• [WHAT TO DO] Could the data below please be reproduced word for word, without the pictures?

• [STORED DATA]
########
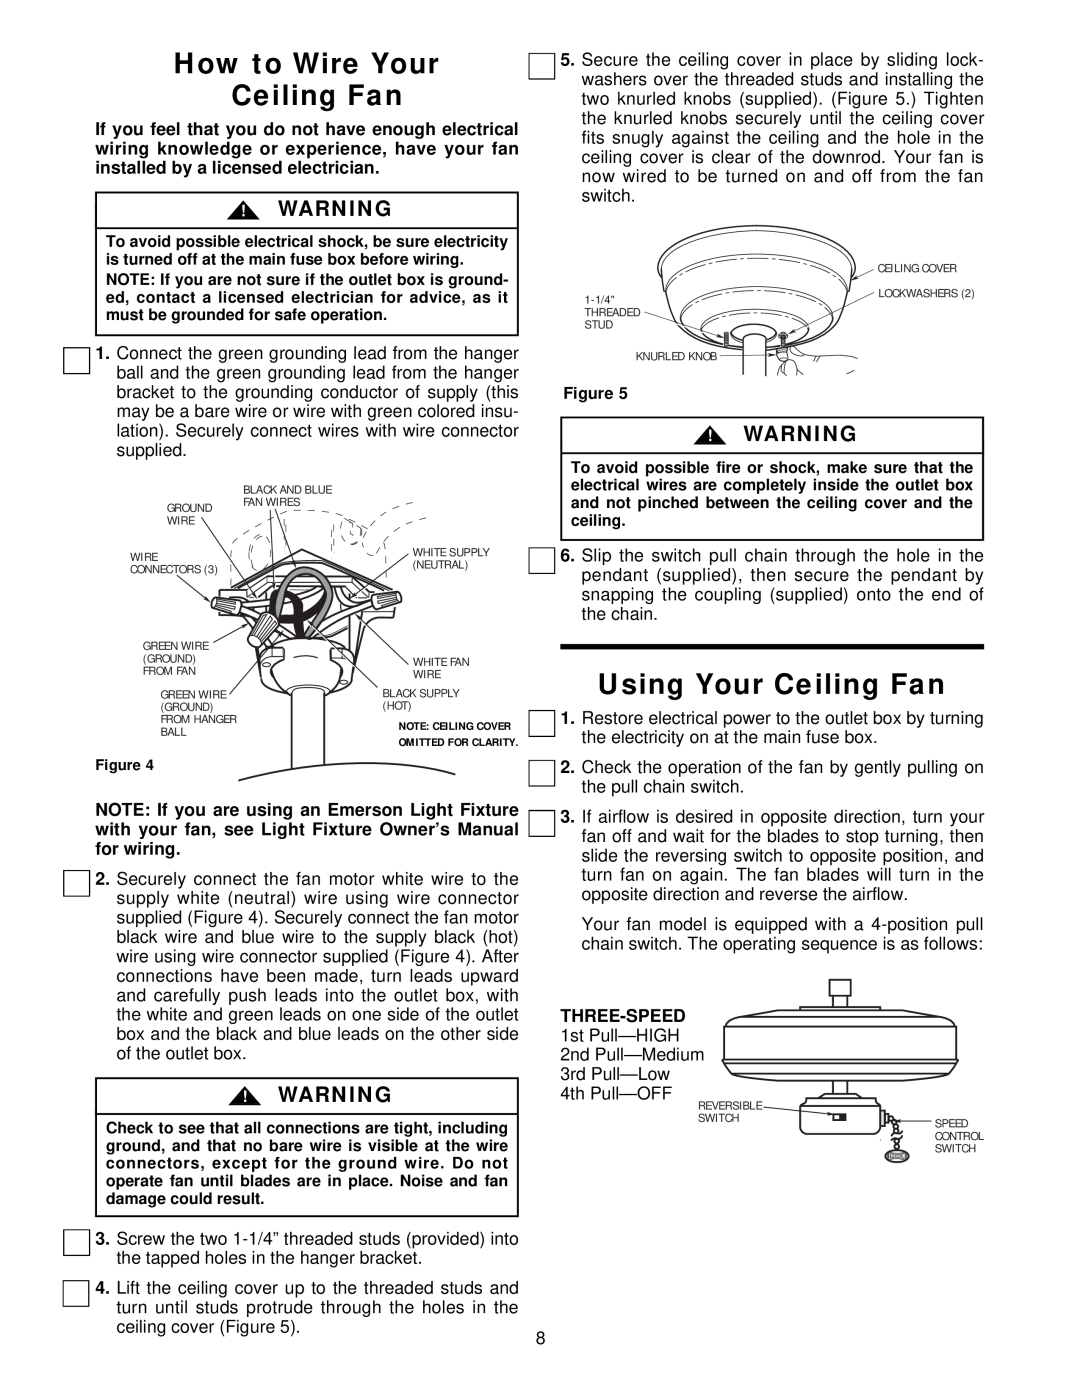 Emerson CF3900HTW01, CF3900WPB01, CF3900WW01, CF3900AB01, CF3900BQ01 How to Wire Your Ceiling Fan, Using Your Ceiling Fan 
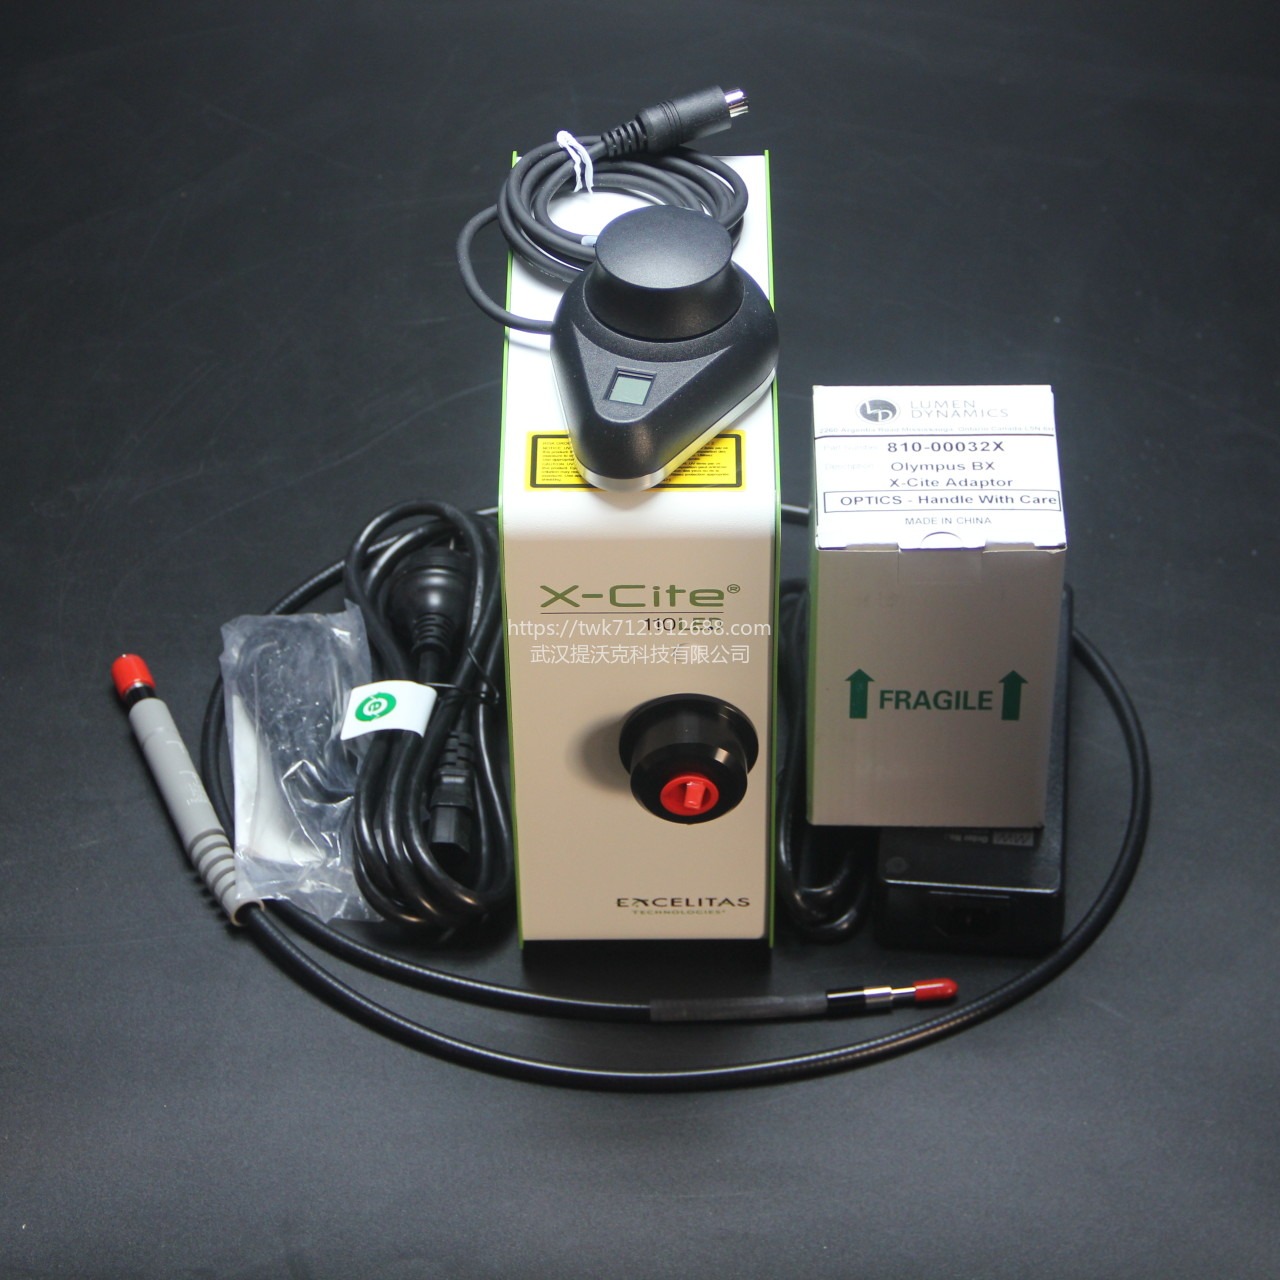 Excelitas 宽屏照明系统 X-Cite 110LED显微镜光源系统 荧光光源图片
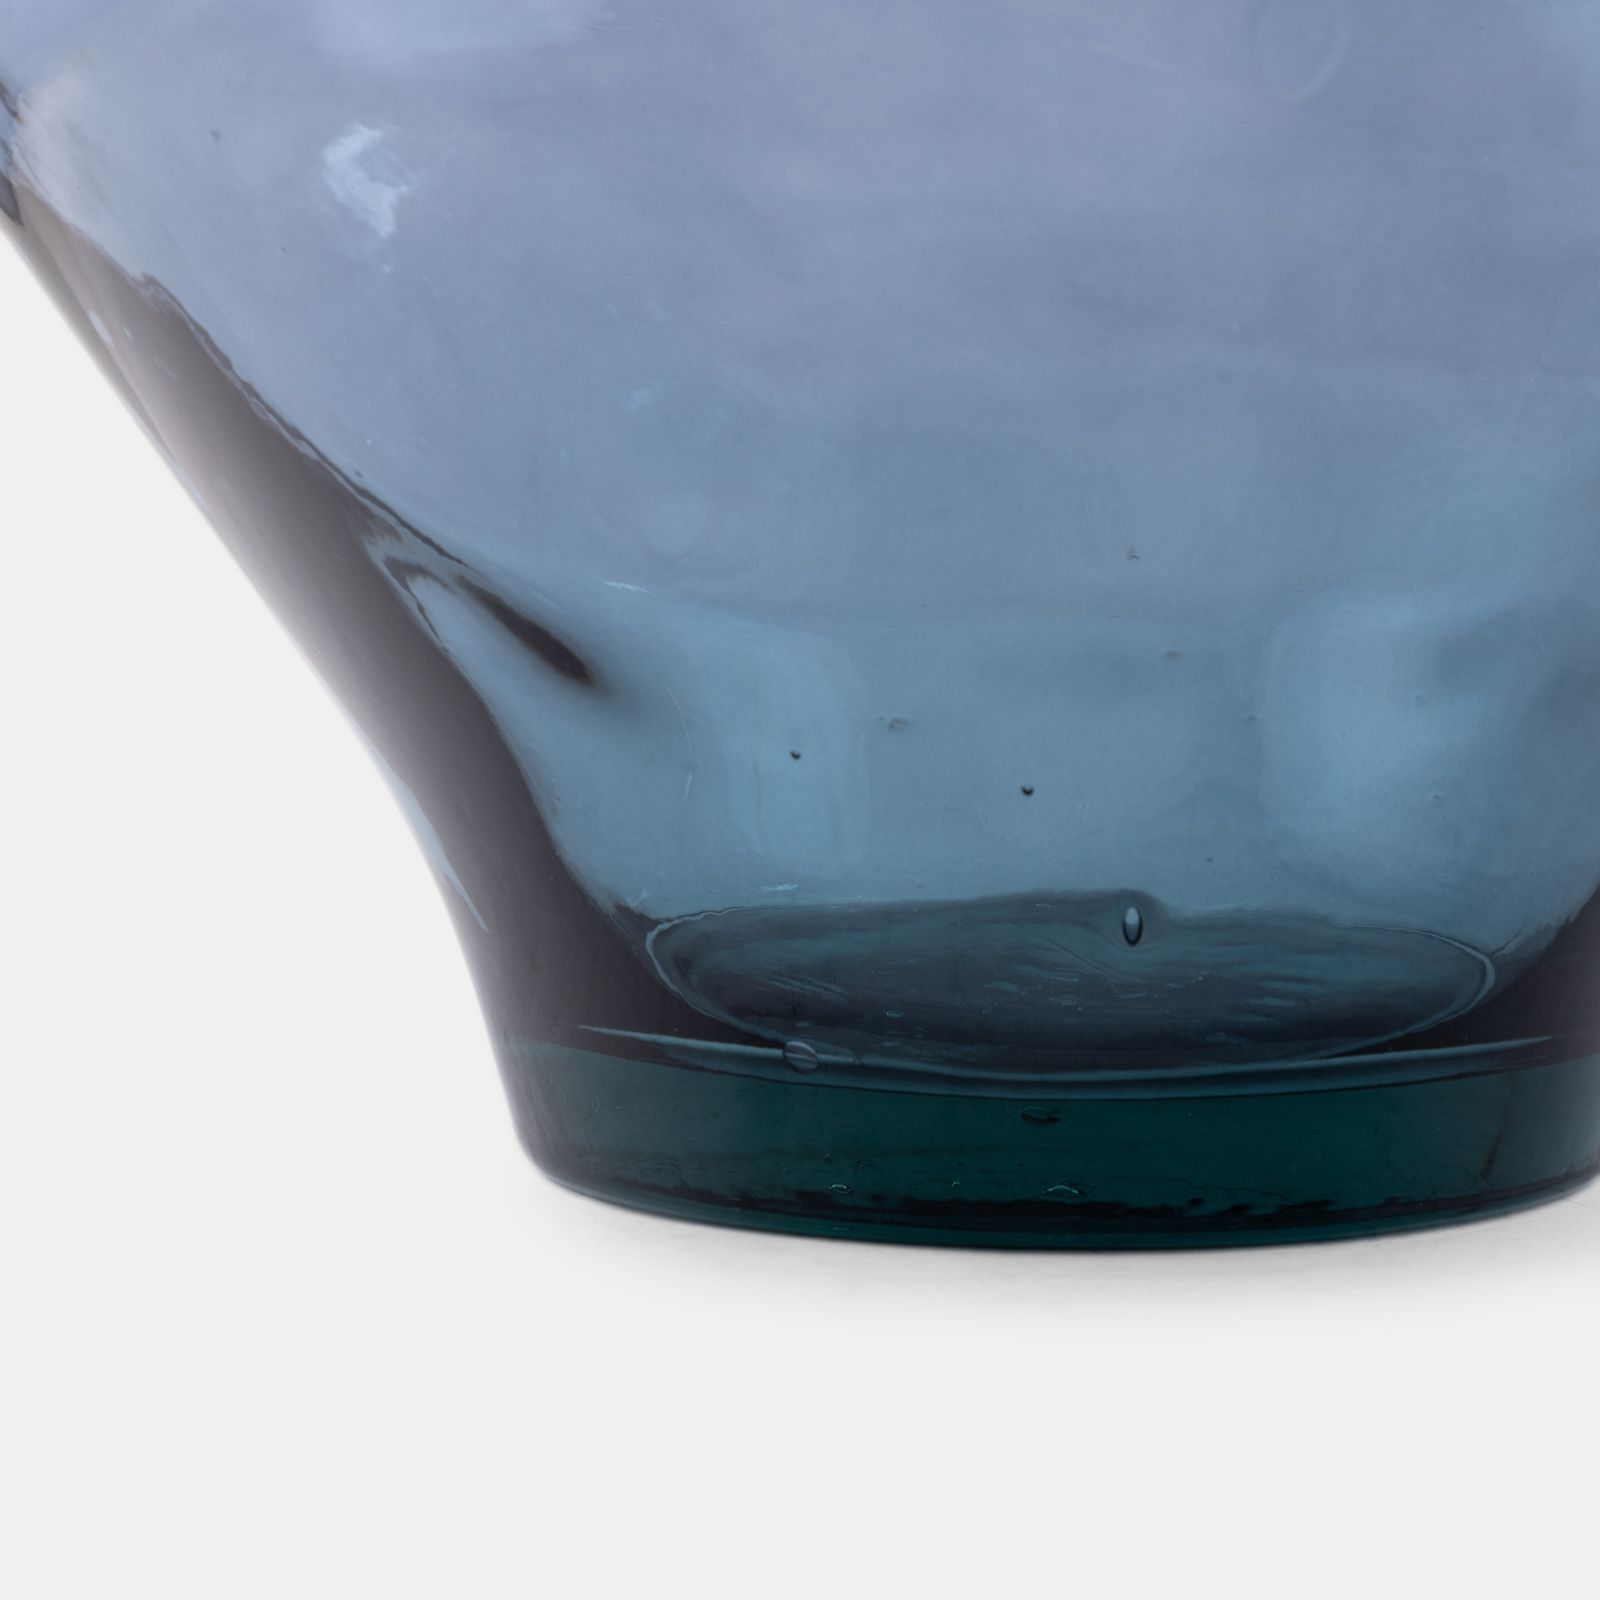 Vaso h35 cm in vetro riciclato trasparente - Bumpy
########
• [SOLUTION]
 Emerson CF3900HTW01, CF3900WPB01, CF3900WW01, CF3900AB01, CF3900BQ01 How to Wire Your Ceiling Fan, Using Your Ceiling Fan 
 Excelitas 宽屏照明系统 X-Cite 110LED显微镜光源系统 荧光光源图片
 Vaso h35 cm in vetro riciclato trasparente - Bumpy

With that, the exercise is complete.